In my previous articles, I built a Hybrid MCP Agent that controls both cloud APIs (Gmail, Salesforce, Google Calendar) and local filesystem operations (scanning folders, moving files, generating reports). The architecture worked. But I had zero visibility into what the agent was actually doing.

When something broke, I had no idea where to look.

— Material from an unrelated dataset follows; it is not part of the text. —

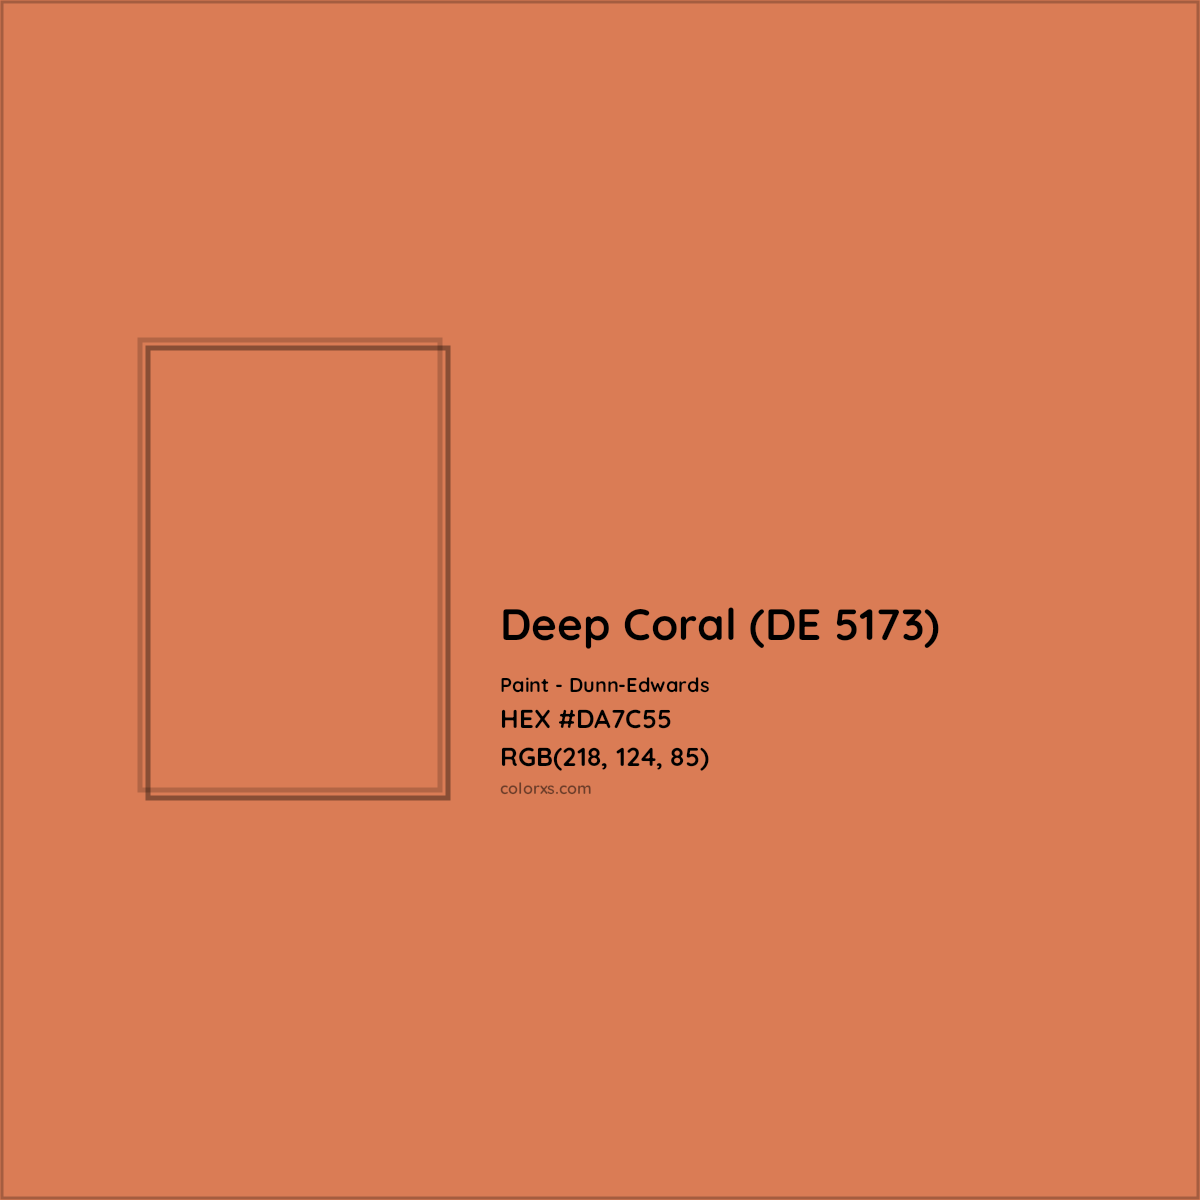 HEX #DA7C55 Deep Coral (DE 5173) Paint Dunn-Edwards - Color Code

This is the observability gap in AI agent systems. Traditional application monitoring tools like Datadog or New Relic aren’t designed for MCP tool-call chains. And when your agent operates across two completely different environments — a GCP VM and a Windows desktop — the challenge multiplies.

Here’s how I solved it.

Architecture: Two Data Streams, One Database
The core design challenge was unifying logs from two fundamentally different environments:

Remote MCP Server (GCP VM): Handles Gmail, Salesforce, Calendar via cloud APIs
Local MCP Server (Windows PC): Handles filesystem operations via Desktop Commander
These operate on different machines, different OS, different transport protocols. But I needed them in a single queryable store.

The Pipeline

Part 1: Remote Logging with FastMCP Middleware
“But why not just parse the Desktop logs?”
Fair question. Claude Desktop already logs every MCP interaction — including remote tool calls — to mcp-server-cloud-agent.log. In fact, that’s exactly how local logs get collected in Part 2. So why add server-side middleware at all?

Five reasons:

  1. The Desktop isn’t always the client. MCP servers can be called by any client — API integrations, other agents, scheduled jobs, or multiple users hitting the same endpoint. Desktop logs only capture what your Claude Desktop session did. The middleware captures everything that hits the server, regardless of the caller.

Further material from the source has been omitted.